Решение позволить Белле остаться в ее апартаментах, с Луизой в качестве единственной соседки, вместо того чтобы переоборудовать всю космическую спираль, отведя Луизе эти две комнаты в восточной оконечности дома («а что, если мне тоже нужна студия?»), переместив Беллу с кроватью и книгами вниз, в Опаловую залу, и оставив меня наверху, в моей бывшей спальне, было принято мною твердо, несмотря на довольно стервозные контрпредложения, как, например, перенести все орудия моего ремесла из библиотеки в подвал и сослать Беллу со всеми ее вещичками в эту теплую, сухую, славную и тихую берлогу. Хотя я и знал, что никогда не сдамся, сам процесс мысленного перераспределения комнат и инвентаря буквально подкосил меня. Вдобавок ко всему, я заподозрил (возможно, безосновательно), что Луизе по душе омерзительная пошлость ситуации: мачеха, невзлюбившая падчерицу. Нет, я вовсе не жалел, что женился на ней, я отдавал себе отчет в ее шарме и практической сметке, но мое обожание Беллы было единственным сияньем, единственной перехватывающей дыхание вершиной на унылой равнине моей эмоциональной жизни. Будучи во многих отношениях человеком на редкость глупым, я попросту не брал в расчет клубочки терний и противоречий в образцовой на первый взгляд семье.
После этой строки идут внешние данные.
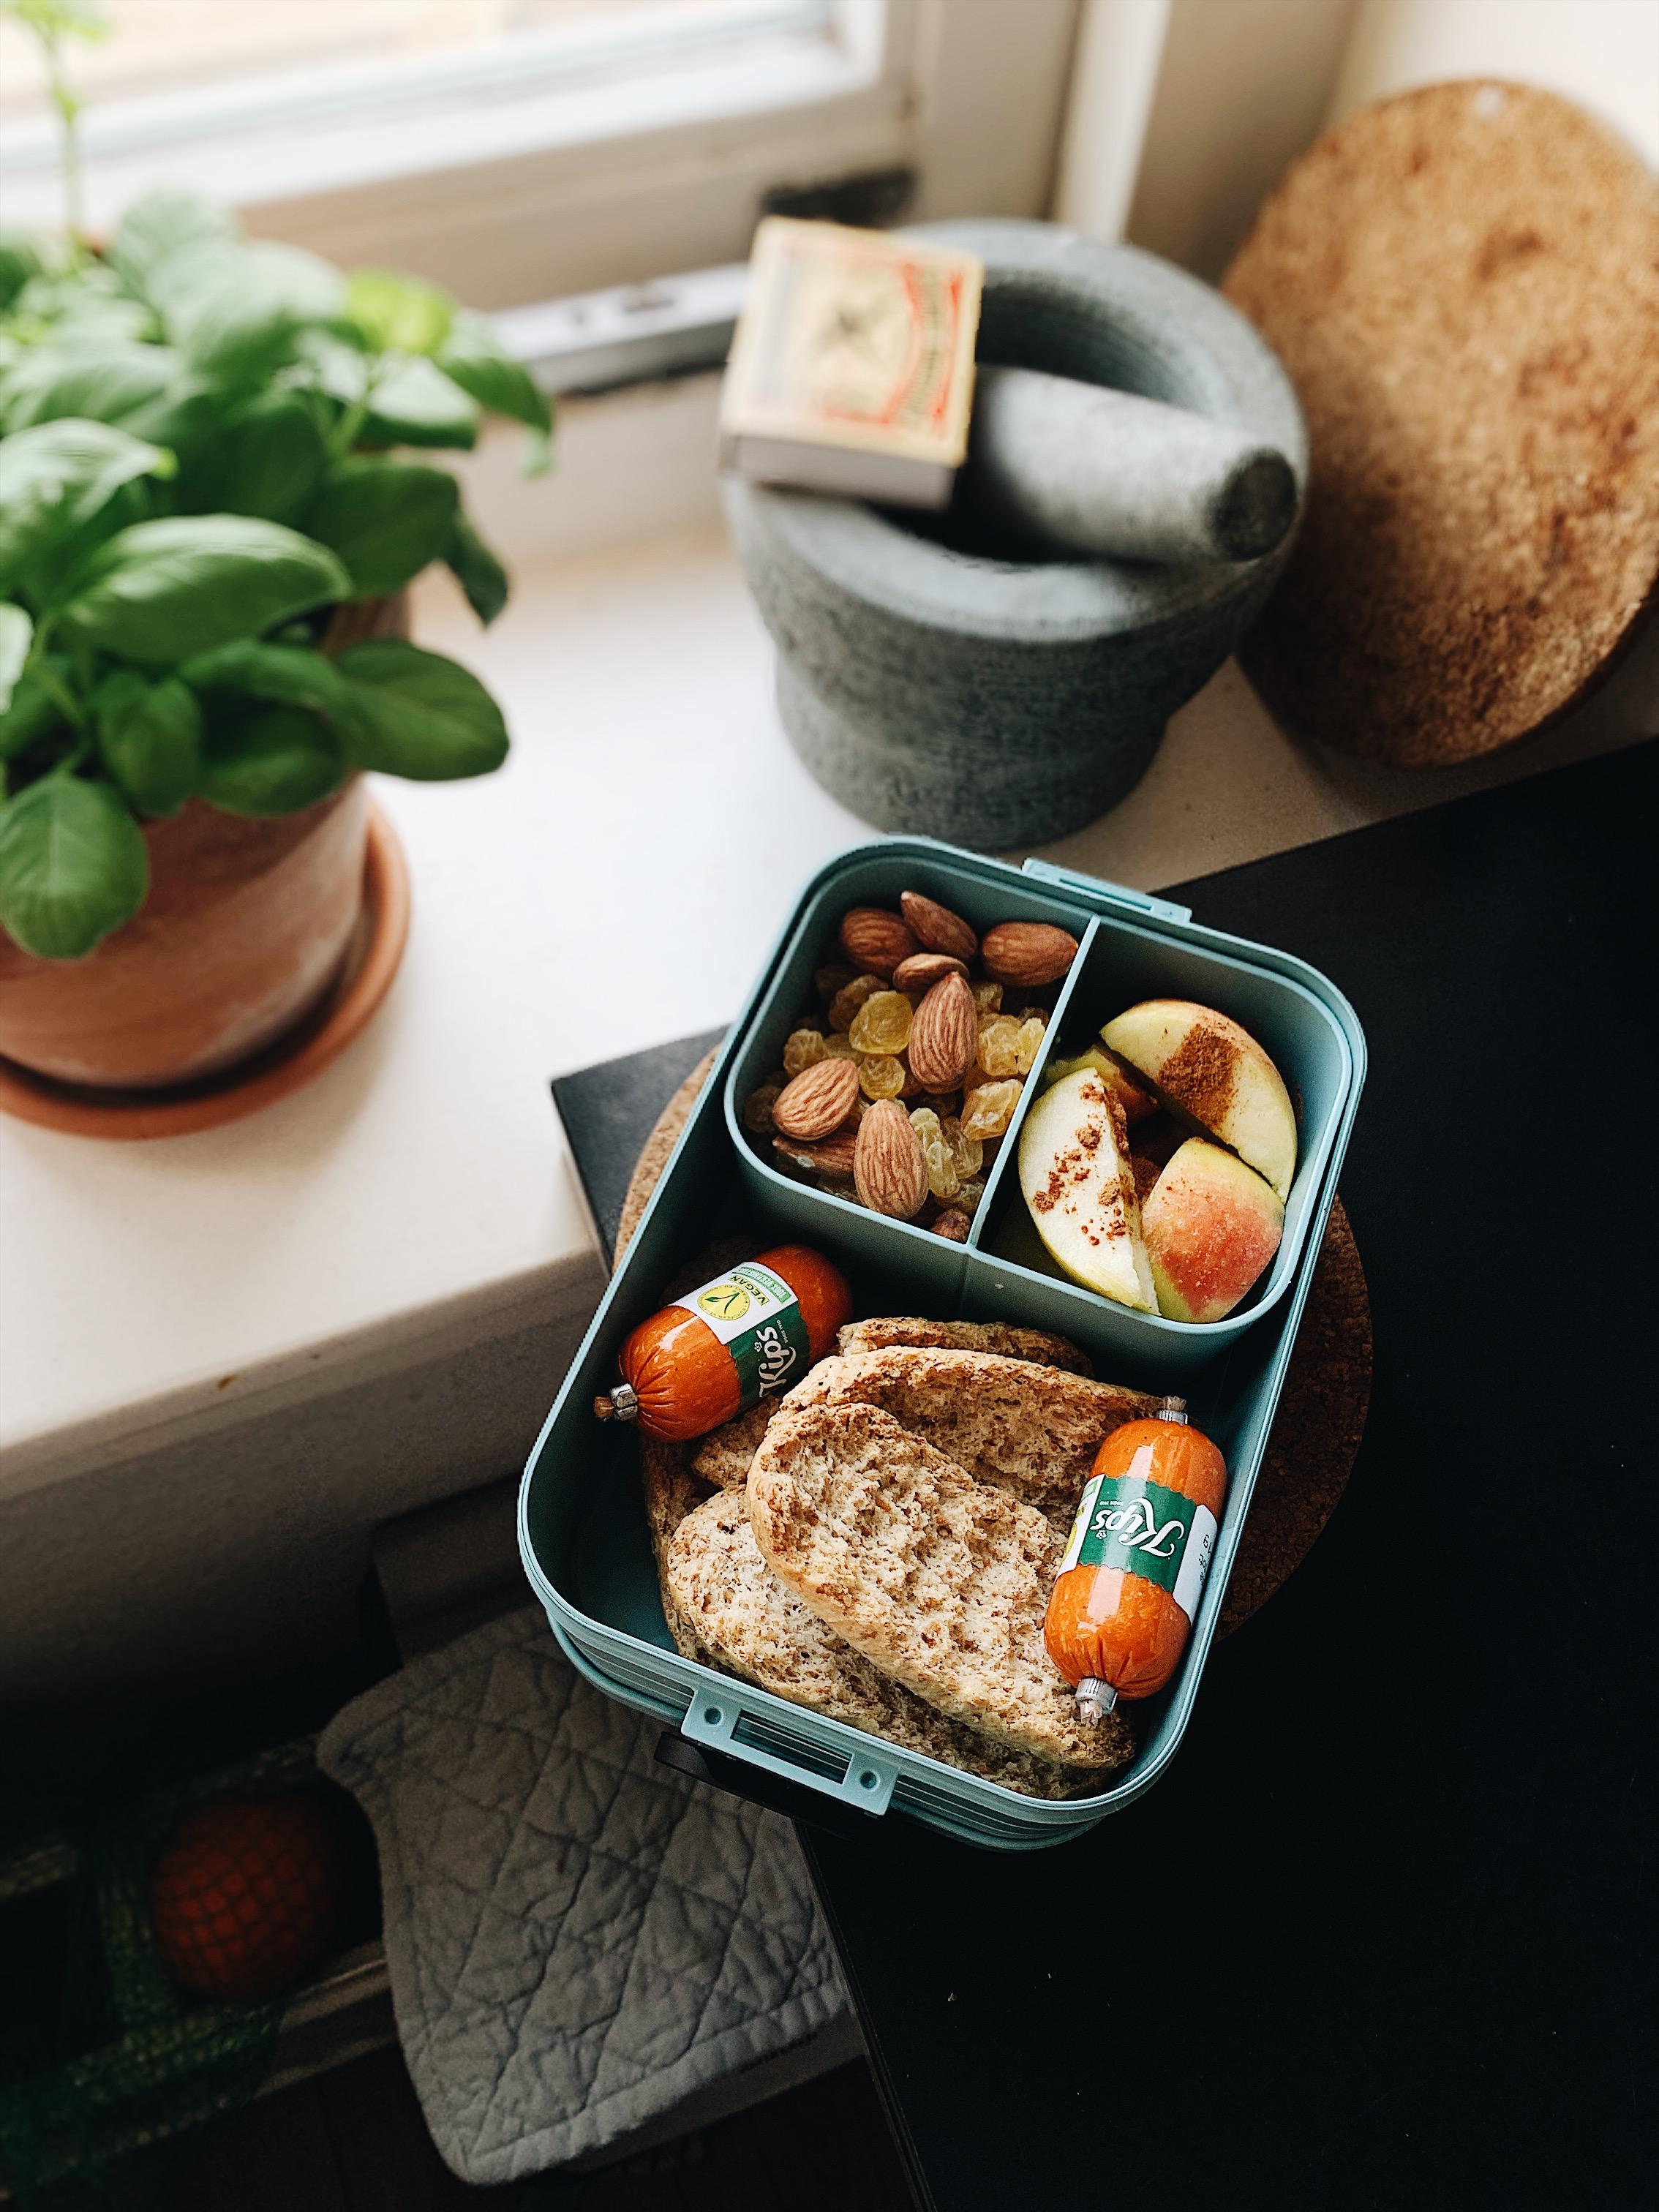 Soms heb ik geen tijd om lunch te maken en neem ik alleen een aantal tussendoortjes mee. Mijn lunch koop ik dan op werk of in de supermarkt.
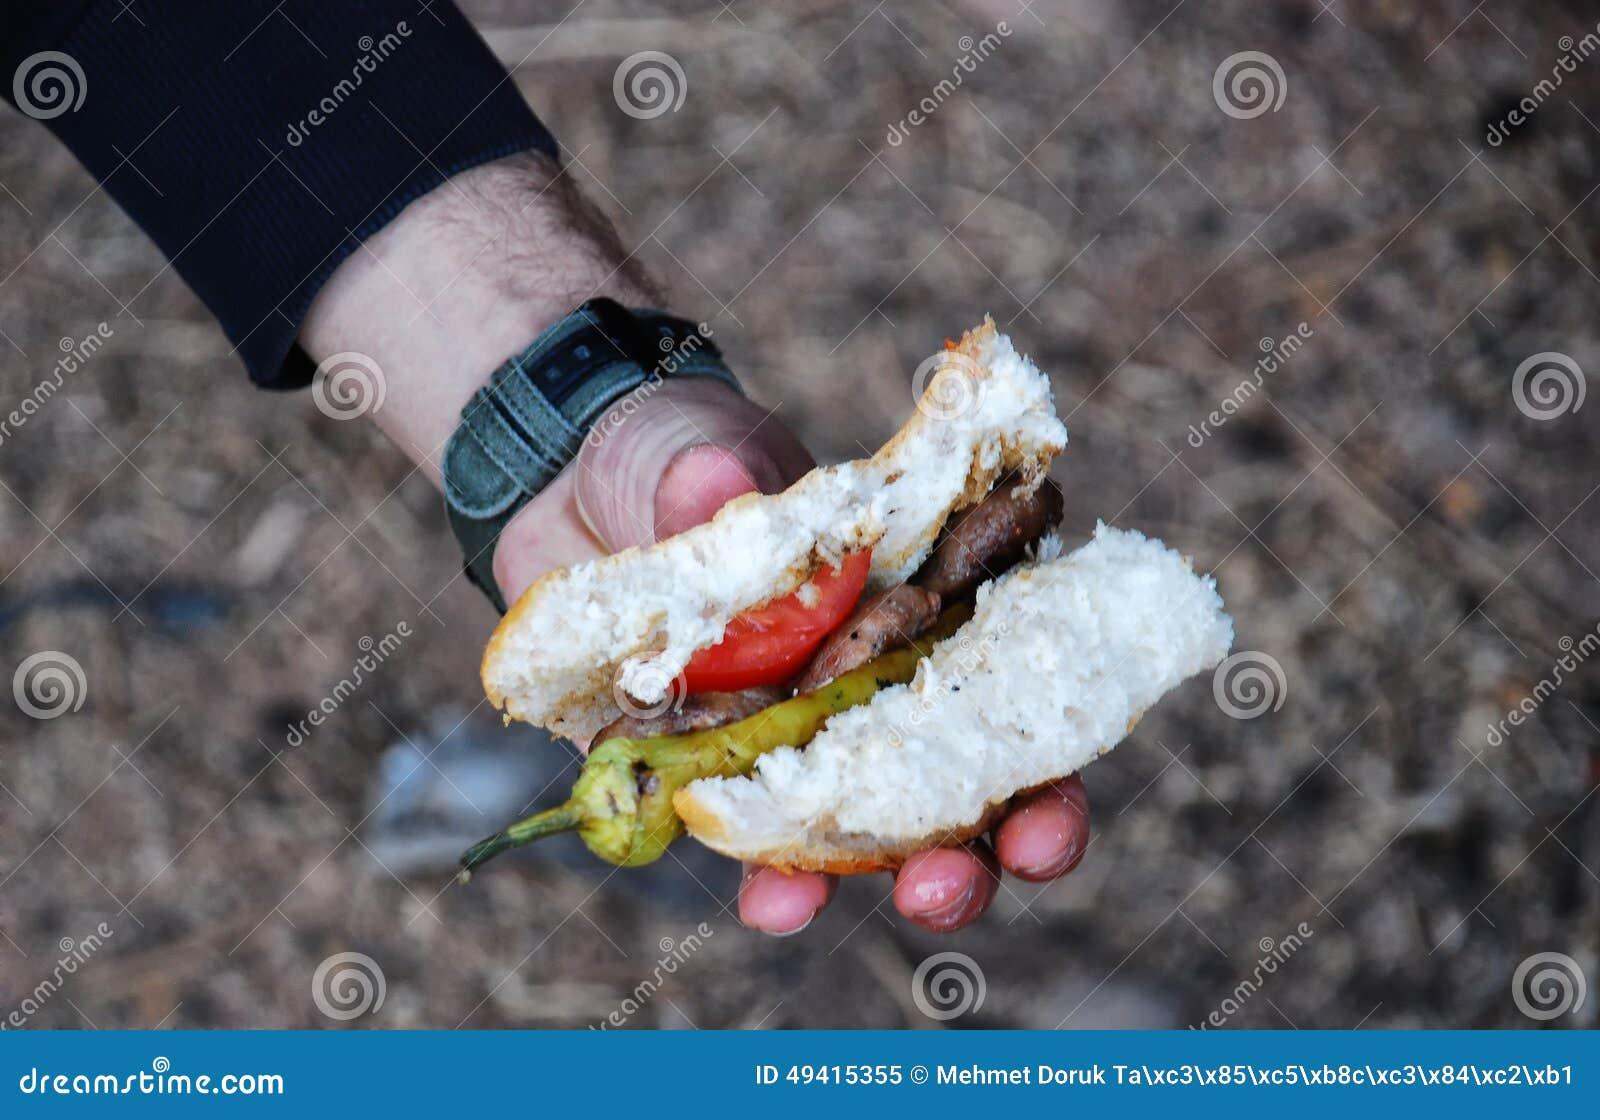 Download Fleischklöschensandwich In Der Hand Stockbild - Bild von zwiebel, hintergrund: 49415355

Стоило мне проснуться — или хотя бы понять, что единственный способ обмануть утреннюю бессонницу — это встать с постели, — как я уже начинал гадать, какой еще новый проект измыслит сегодня Луиза, чтобы досадить моей девочке. Когда два года спустя этот седой старый дурак и его ветреная женушка, одарив Беллу скучным вояжем по Швейцарии, оставили ее в Лариве, между Хексом и Трексом[189], в «завершающем школьное образование пансионе» (в котором завершается детство, приходит конец невинности юных мечтаний), именно наш период жизни à trois (1955–1957) в квирнском доме, а не более ранние свои промахи, вспоминал я с проклятьями и рыданиями.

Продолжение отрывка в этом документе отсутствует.